Percival Mobley stood awkwardly before the court, clearly wishing to justify himself, yet knowing he had not the opportunity to do so. For near a minute he seemed on the verge of saying something pertinent. But, at last, all that came out was this: “That is all, Sir John. You may step down. And, my lord, that concludes my testimony.”

The final argument of the prosecution, indifferently stated as it was, is not worth noting here; nor, for that matter, is the last word from Mr. Mobley. Nevertheless, in his summing-up, Lord Mansfield took an approach which was for him eccentric — indeed, one might even say, unique — for he was, as every Londoner with criminal propensities knew, a “hanging judge”; he seemed almost to take pleasure in assigning the death penalty. On this occasion, however, the Lord Chief Justice put forth what amounted to a plea for mercy, yet it was framed in terms perfectly logical and perfectly legal.

He called the jury’s attention to the last words of the statement presented in court by the prisoner. (I quoted them near verbatim from Mr. Mobley.) “It was not my intention to kill Mr. Bolt. I wished only to end his attempt to kill me” Thus he read it out to the jurors. Then did he comment upon it as follows:

“Such an assertion as this would ordinarily constitute a plea for a finding of manslaughter — that is, death unintended. Yet it strikes me, having read and now heard the prisoner’s statement and heard the testimony of his distinguished witnesses, that we have the opportunity here to go even further. First of all, it cannot be murder, for Mr. Mobley was not the aggressor. Bolt, the deceased, lay in wait for him. He had no other reason to be in the room but to do harm to Mobley. When his first attempt failed, he did persist in his attempt not merely to do grievous bodily harm to the prisoner but to kill him. Yet he failed in that, too, because, though Mr. Mobley did not intend it so, he killed his adversary.

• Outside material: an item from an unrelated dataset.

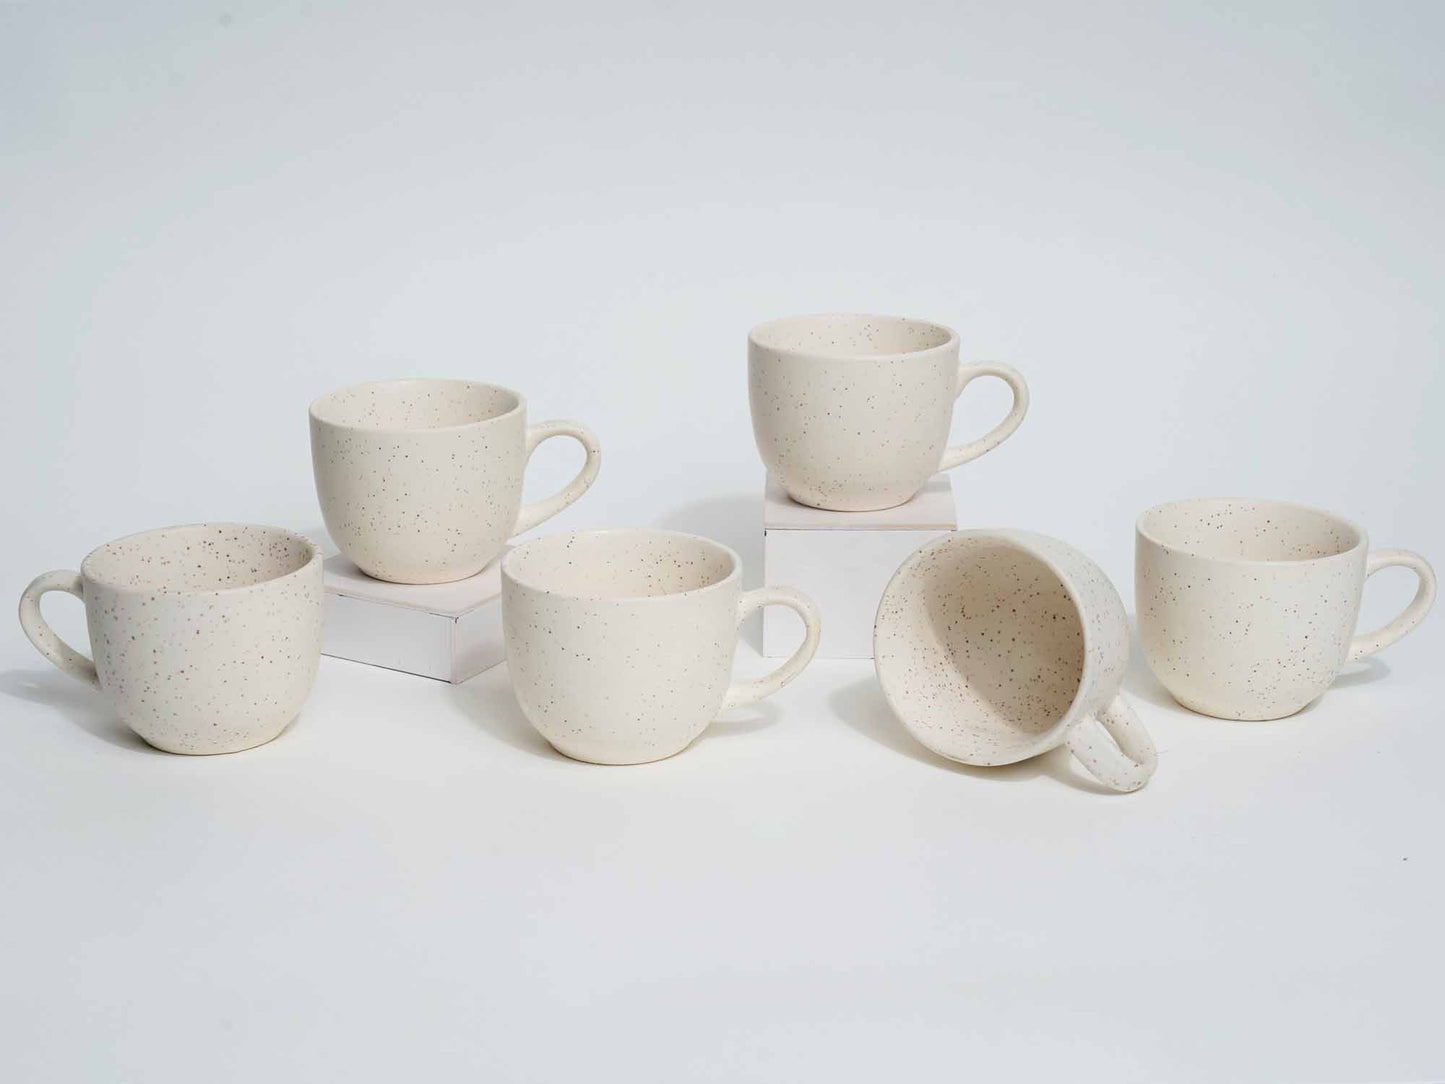 Ivory Tea Cups - Set of 2 and set of 6

“It is very seldom that a true finding of ‘killing, no murder, by reason of self-defense’ can be justified. Alas, all too often the aggressor will press his advantage and kill his victim before the victim has a chance to defend himself. In this instance, that did not happen. Though the two, aggressor and victim, were fairly well matched in size, the victim fought back and saved himself. Perhaps it was that a man fights harder when he realizes, as Mr. Mobley did, that he was fighting for his life. And so he saved his life, though not without sustaining injuries of his own. You saw him limp to the dock. You see the bandage wrapped Mussulman-style about his head, the plaster on his ear and jaw. Eli Bolt, if that be his name, was a powerful adversary-yet he, and not the prisoner, died in the struggle. And what did Mr. Mobley do when he saw that he had killed the man who attacked him? He went straightaway to the Bow Street Court, seeking the magistrate, to surrender himself and make a statement, because in his mind and in his heart he knew that he had not committed murder but only defended himself. I tend to believe that this is one of those rare occasions when a finding of self-defense is justified. Yet I respect you, the members of the jury, far too much to direct you to find according to my belief. I send you off to your deliberations confident that you will find your way there on your own.”

And so the jury went off to deliberate, and I turned to young Archibald Talley to discuss this singular case. I found him in the process of taking his leave of the court.